Figure 8.

Netrin1a and netrin1b contribute to the proper pathfinding of OR111-7-transgenic axons into and within the olfactory bulb. A–H, Maximum intensity projections of serial confocal optical sections of 3-d-old larvae (ventral view). Anterior is to the top and the midline is to the right. The olfactory bulb is outlined with dashed lines. M–P, Schematics showing control OR111-7:IRES:Gal4; UAS:Citrine projections (green) and mistargeted axons (red) observed upon inhibiting netrin1a, netrin1b or netrin1a and netrin1b together. The thickness of the red lines corresponds roughly to the penetrance of the indicated phenotypes.

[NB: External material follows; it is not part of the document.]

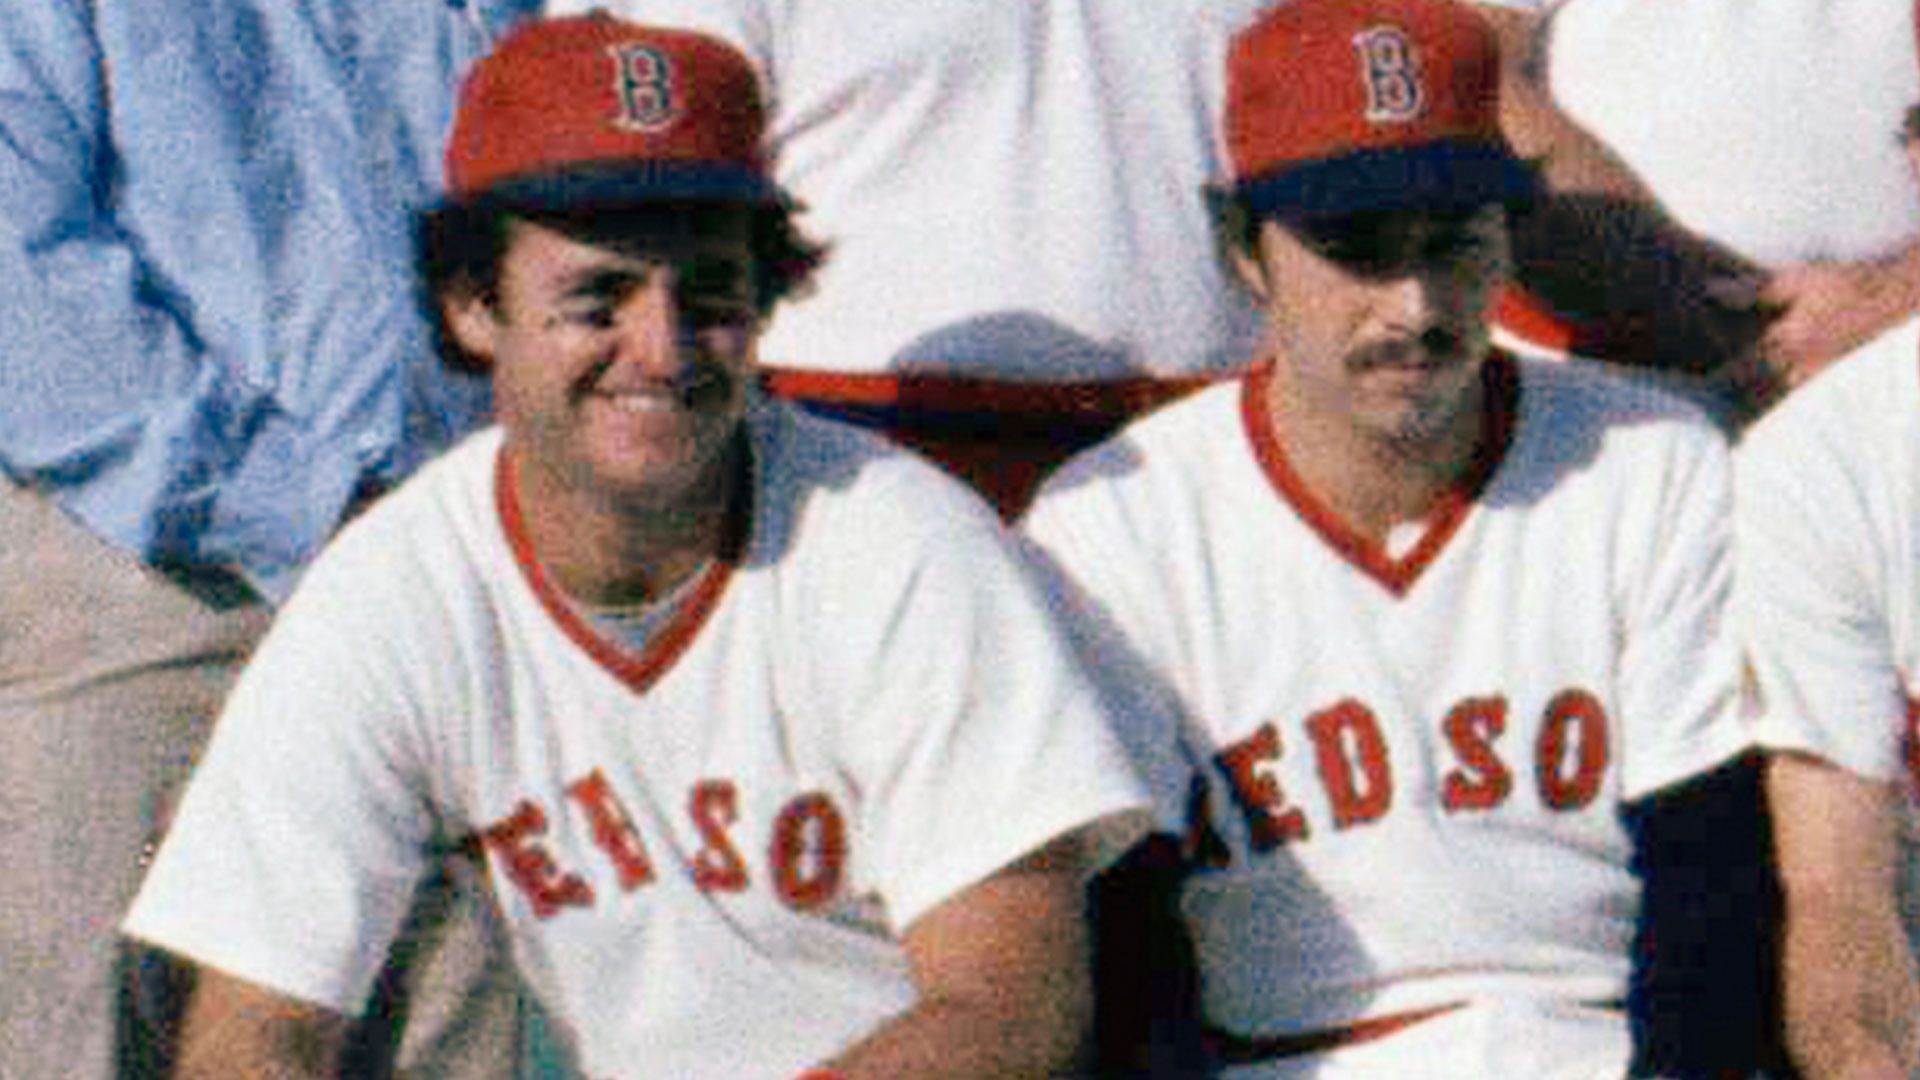 Jerry Remy's former Red Sox teammates, broadcast colleagues pay tribute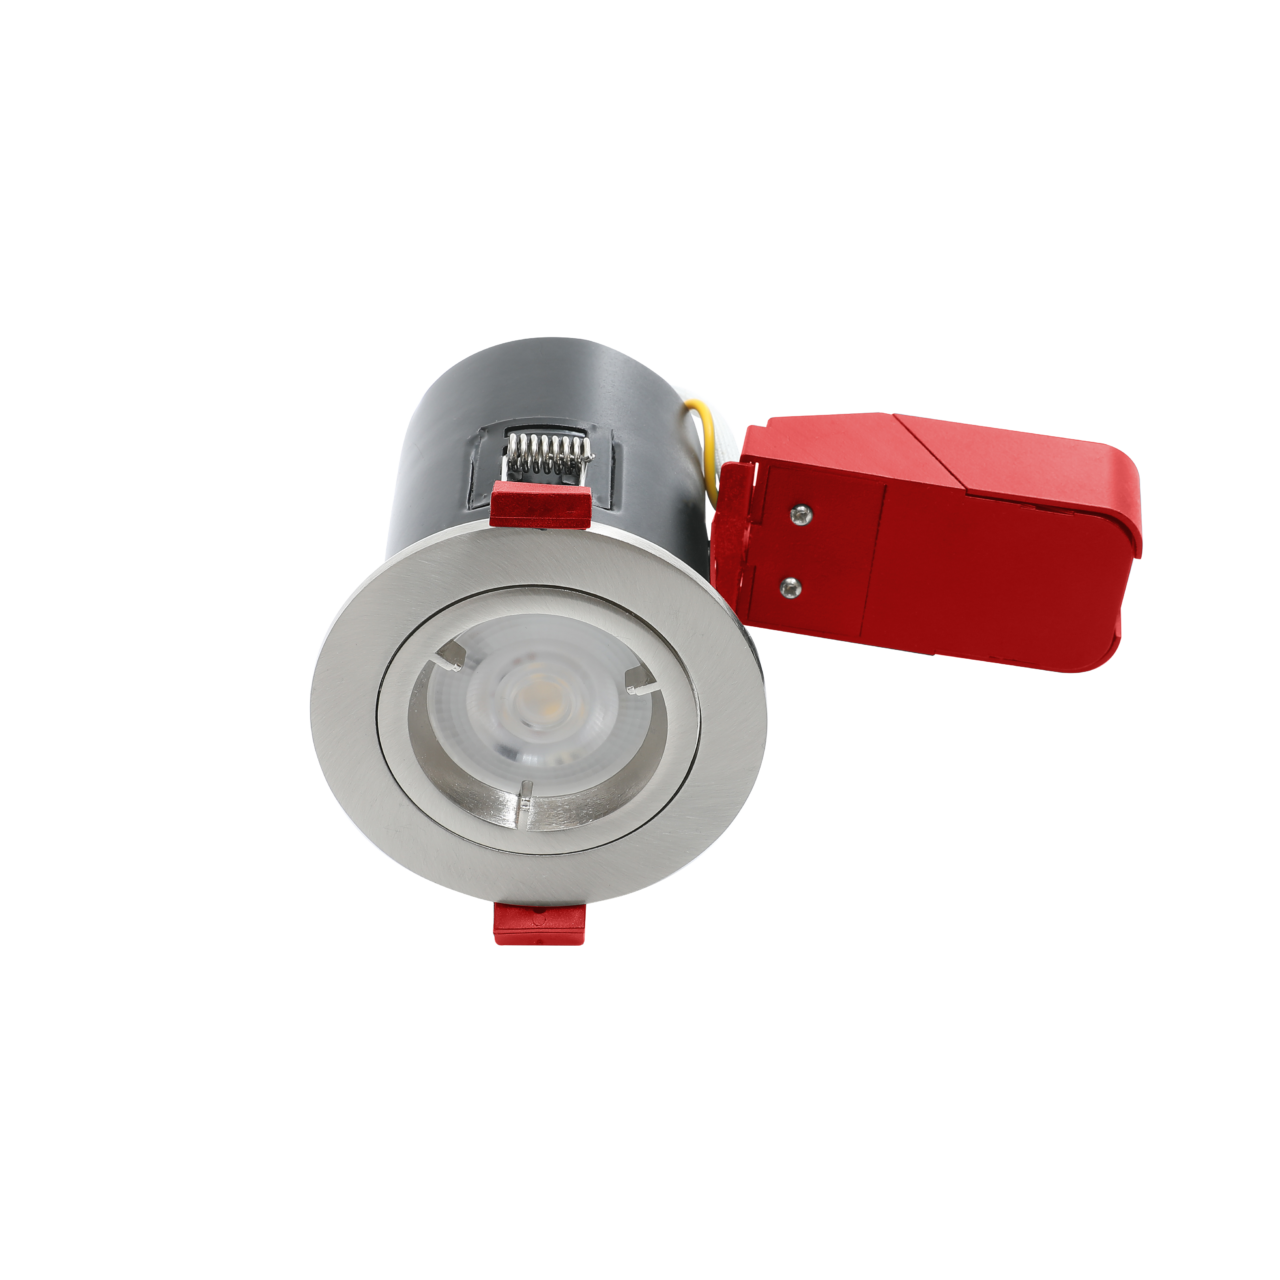 Difference Between Fire Rated and Non-Fire Rated Downlights

Netrin1a mRNA (pink dots) is expressed at the telencephalic midline and netrin1b (blue dots) is expressed in the ventral bulb. A, E, M, OR111-7:IRES:Gal4; UAS:Citrine axons (green) project to the central zone (CZ, white arrowhead) and LG1. B–D, N–P, Some OR111-7-transgenic axons misproject posteriorly (posterior, yellow arrowheads) rather than entering the olfactory bulb when Netrin1a, Netrin1b, or both Netrin1a and Netrin1b levels are reduced. F–H, N–P, OR111-7:IRES:Gal4; UAS:Citrine axons also inappropriately stray anteriorly (anterior, yellow arrowheads) in netrin1a, netrin1b, or netrin1 and netrin1b double morphants. I–L, Single confocal optical sections of 3-d-old zebrafish larvae (frontal view). Dorsal is toward the top of the image. Propidium iodide (blue) labels olfactory bulb cells and allows identification of distinct protoglomeruli. I, OR111-7 transgene-expressing axons are observed in the central zone (CZ, white arrowhead) in uninjected Control larvae. J, L, Reducing Netrin1a levels or Netrin1a and Netrin1b levels together causes ventral mistargeting of OR111-7 transgene-expressing axons (ventral, yellow arrowhead, schematized in Fig. 5R,T). Scale bar (in L): A–L, 50 μm.